In 29 states and D.C., marijuana is legal in some form, including California where recreational use was officially legalized on New Year’s Day. In Colorado, marijuana is big business. The state reported over $1 billion in medical and recreational marijuana sales in both 2016 and 2017.
Republican Sen. Dean Heller of Nevada, where legal pot shops have been open for business since summer 2017, called on the Department of Justice to work with his state on the issue.
“Knowing Attorney General Sessions’ deference to states’ rights, I strongly encourage the DOJ to meet with Governor Sandoval and Attorney General Laxalt to discuss the implications of changes to federal marijuana enforcement policy,” Heller said in a statement, according to the Washington Post. “I also urge the DOJ to work with the congressional delegations from states like Nevada that have legalized marijuana as they review and navigate the new policy.”

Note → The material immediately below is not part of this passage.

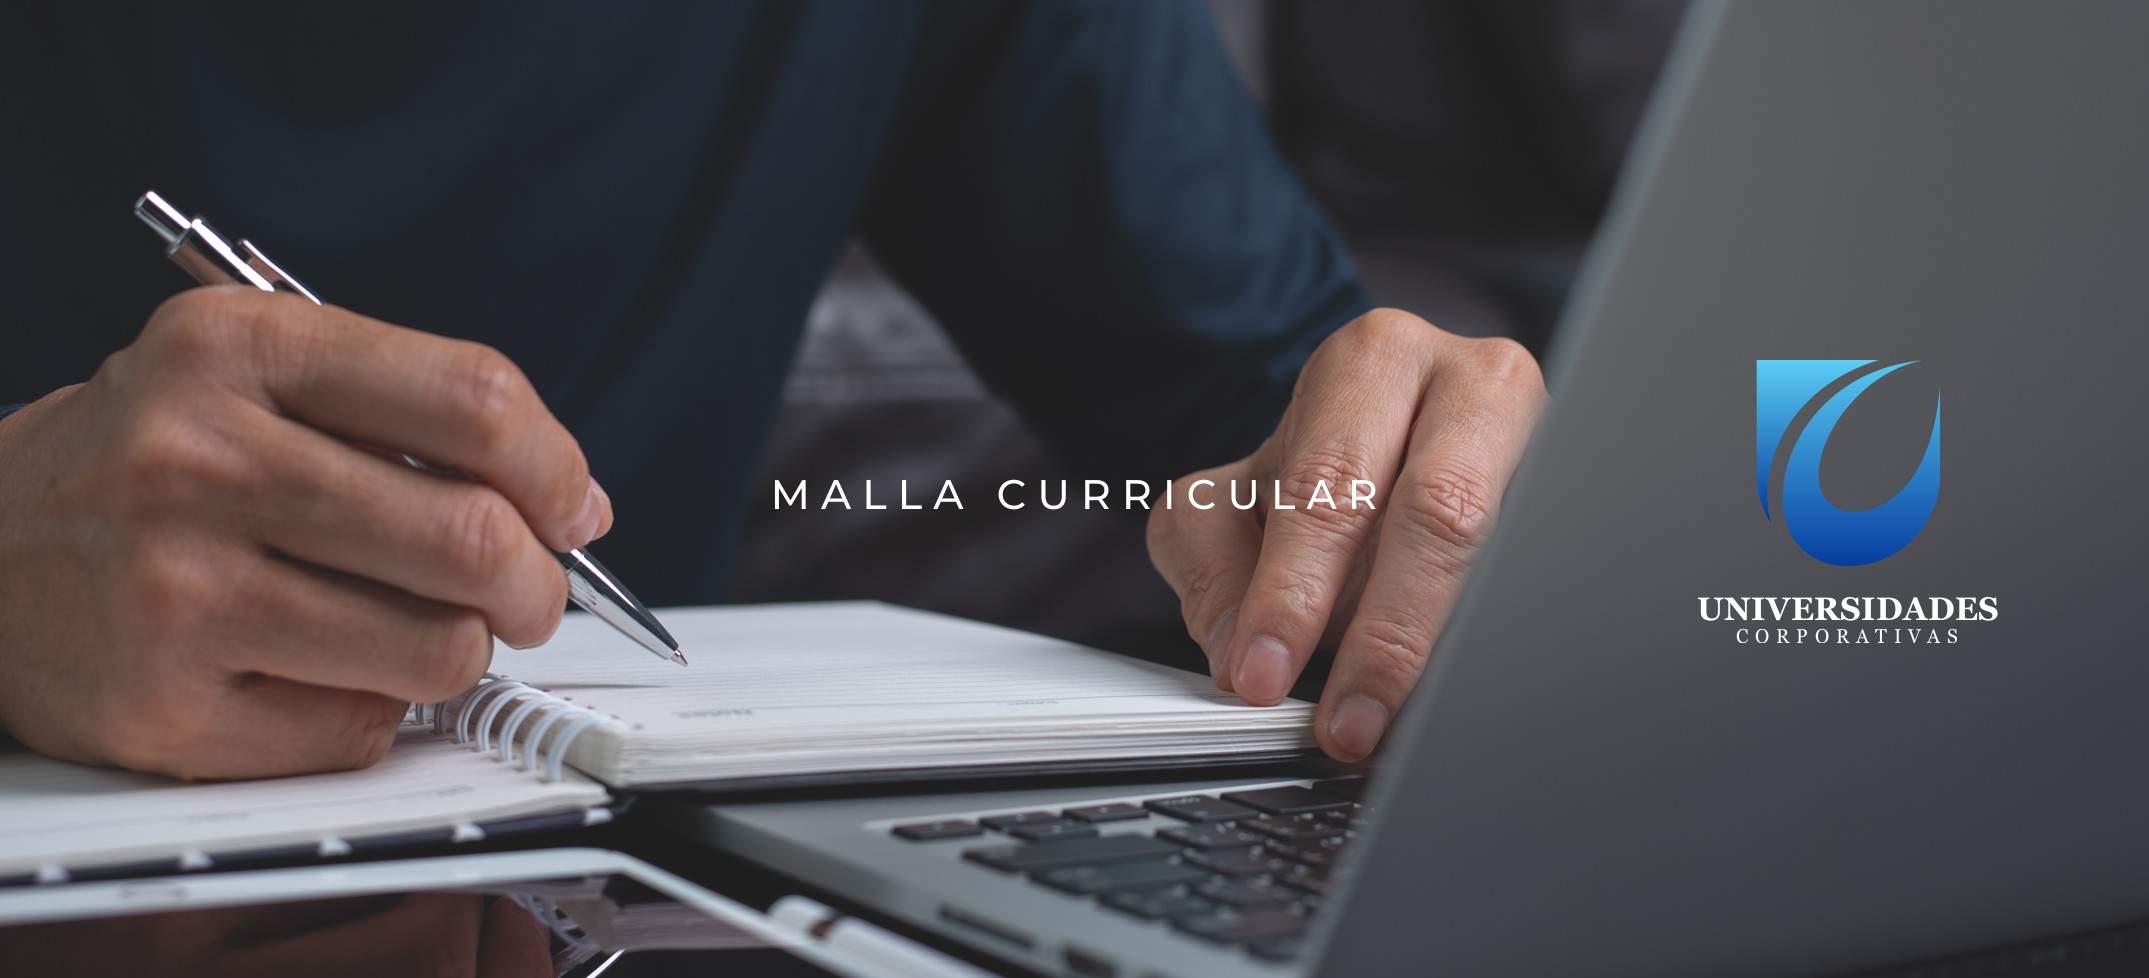 Malla Curricular, Escuelas Corporativas | Universidades Corporativas

Sen. Cory Booker, a Democrat from New Jersey, said he wasn’t surprised by the Thursday move given Sessions’ history and his efforts to block him from becoming Attorney General. Still, in an interview outside of his Senate office, he called Sessions’s actions “outrage” and an attempt to “restart the War on Drugs” that has “cost the country trillions of dollars, so many lives, and economic devastation.”
“This is why you see lots of states, red and blue states, moving on legalization of medical marijuana or legalization of recreational marijuana, to stop this craven injustice in our country,” he said.
Booker said he hopes the action pushes his colleagues to support legislation he’s introduced that would legalize marijuana.
“For us to have this crisis now is, to me, really forcing a moment where this country has to decide where we’re going to go,” he said. “We have the power here in Congress to stop this Attorney General from what I believe is a rogue throwback to a failed war on drugs that’s going to endanger many, many Americans, families, and communities.”